Alert : hpo_pod_stuckfinetune_pod_idle_seconds > 300 AND finetune_rows_persisted_per_min == 0

Severity : P1 (page on-call DRI immediately)

Impact : an FTF sweep that should run for ~30 min is silently stuck. Compute is consumed, no rows land in finetune_results, the run will be marked SUCCESS by Airflow if the heartbeat task is still alive — but the dataset is empty, every downstream gate decision (lock / keep available / abandon) is impossible. Cluster autoscaler keeps the pods alive at full RAM until manually killed.

Owner : dococeven (DRI Pipeline Contract Hardening)

Affected dashboards : - MLOps Overview panel "Active finetune pods" - Cluster Health panel "Pod RAM by namespace" (look for high steady RAM + no log progress)

Root-cause Story : CVN-N011-EA-S10


Immediate human actions (0–5 min)

1. Confirm the deadlock pattern

# List all active finetune pods
kubectl get pods -n cvntrade | grep finetune

# Pick one, check the last log timestamp (compare to current UTC time)
POD=finetune-pte-run-factor-crypto-standard-XXXXXX
kubectl logs -n cvntrade $POD --tail=2 --timestamps

If the last log timestamp is > 5 minutes old AND the pod status is Running AND no progress events have fired, this is the deadlock pattern.

2. Confirm the fork warning is the trigger

# Search for the gRPC fork warning across ALL active finetune pods
for p in $(kubectl get pods -n cvntrade -o name | grep finetune); do
  echo "=== $p ==="
  kubectl logs -n cvntrade $p 2>&1 | grep -c "fork_posix.cc:75\|skipping fork() handlers"
done

If at least one pod shows ≥ 1 hit on fork_posix.cc:75, this is the same root cause as CVN-N011-EA-S10.

3. PRIMARY ACTION — kill the stuck pods (< 1 min revert SLA)

# Kill all stuck finetune pods (Airflow will mark the DAG run as failed).
# Airflow's KubernetesExecutor applies a `dag_id` label automatically — that's
# the canonical selector for fan-out pods spawned by `dag_finetune__pte`.
# Note : `run_id` is NOT a Kubernetes label on Airflow worker pods (it lives
# in the metadata DB + structured logs only).
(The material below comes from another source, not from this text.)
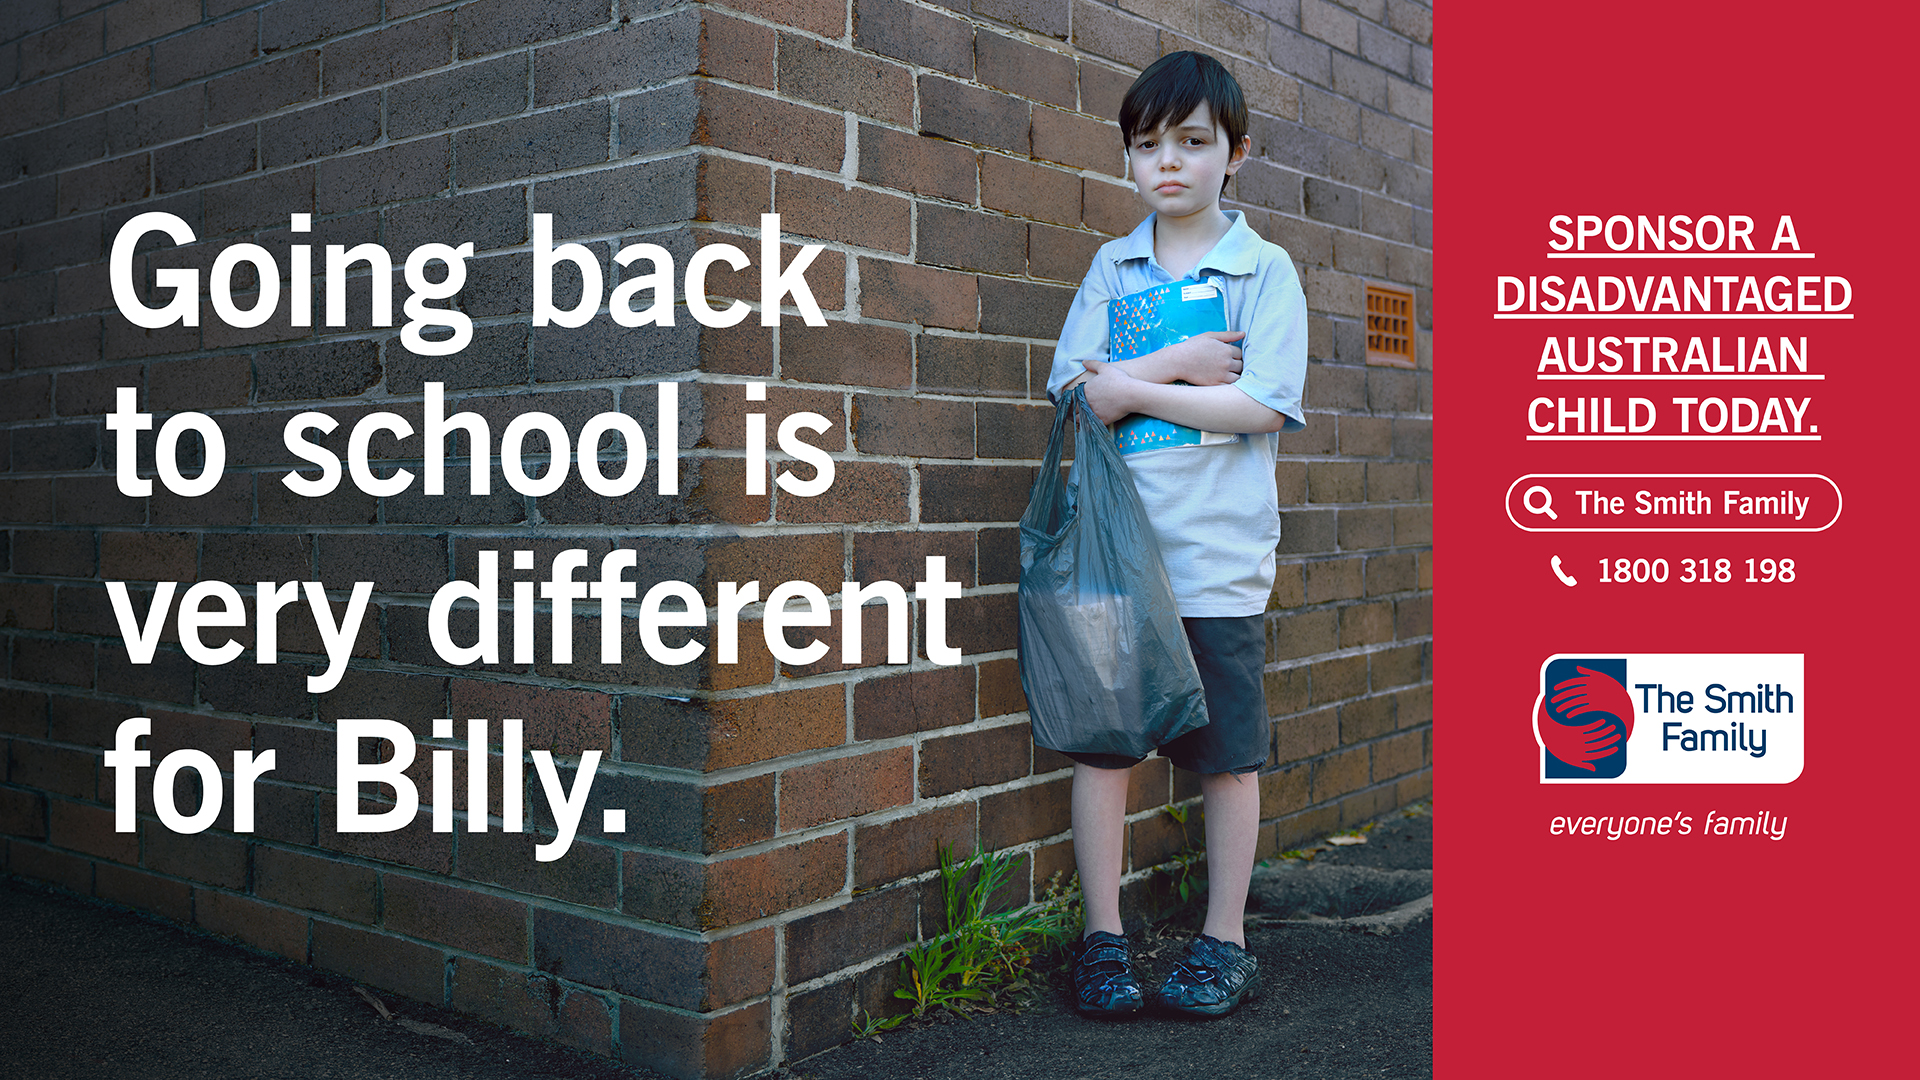 The smith family hero with boy in school uniform looking sad

Filter by run by inspecting
# pod creation timestamps (`kubectl get pods --sort-by=.metadata.creationTimestamp`)
# or by querying the run_id in `finetune_runs` PG table if needed.
kubectl delete pod -n cvntrade -l dag_id=finetune__pte --force

# Targeted by-name fallback (use the names from step 1 if you want to kill
# only one specific pod — e.g. you've identified the smoking-gun pod and
# want to keep the others alive for diagnostic) :
kubectl delete pod -n cvntrade finetune-pte-run-factor-crypto-standard-XXXXXX --force

The pods will not auto-restart (Airflow KubernetesExecutor doesn't retry on operator-killed pods unless the DAG sets retries > 0).

4. Mark the DAG run as failed in Airflow UI

Navigate to airflow.cvntrade.eu → DAG finetune__pte → latest run → Mark as Failed. This unblocks the max_active_runs=1 constraint (per ADR-22).


Diagnosis (5–30 min)

Why this happens

cleanlab.filter.find_label_issues defaults to n_jobs=cpu_count() and spawns multiprocessing.Pool with the OS default start method (fork on Linux + Python<3.14). When the parent process has live MLflow autolog gRPC threads (every HPO trial), the forked child inherits a half-locked gRPC state and hangs on first gRPC call.

Once stuck, the pod reports Running to K8s (process alive, just hung), passes the liveness probe (no probe defined for this workload), and consumes RAM until manually killed. There is no automatic recovery.

Verify the fix is in place

Important : label_pipeline.py does NOT run in airflow-scheduler — it runs in the worker pods spawned dynamically by the KubernetesExecutor. Verify the fix on a recent / active worker pod (use $POD from step 1) :

# Pick any recent finetune worker pod (alive or in the last 1h)
POD=$(kubectl get pods -n cvntrade -l dag_id=finetune__pte \
  --sort-by=.metadata.creationTimestamp -o jsonpath='{.items[-1].metadata.name}')
echo "Verifying on worker pod: $POD"

# Confirm n_jobs=1 is in the deployed image's source
kubectl exec -n cvntrade -it $POD -- grep -n "n_jobs=1" /opt/airflow/src/training/labels/label_pipeline.py

# Confirm GRPC_ENABLE_FORK_SUPPORT is set in the worker pod env
kubectl exec -n cvntrade -it $POD -- printenv GRPC_ENABLE_FORK_SUPPORT GRPC_POLL_STRATEGY

# Cross-check : the image tag deployed on workers (must match the post-S10 SHA)
kubectl get pod -n cvntrade $POD -o jsonpath='{.spec.containers[0].image}'

Expected : - n_jobs=1, line found in suspect_mask - GRPC_ENABLE_FORK_SUPPORT=1 and GRPC_POLL_STRATEGY=poll - Image tag = the SHA at which S10 was merged or later (check git log on main)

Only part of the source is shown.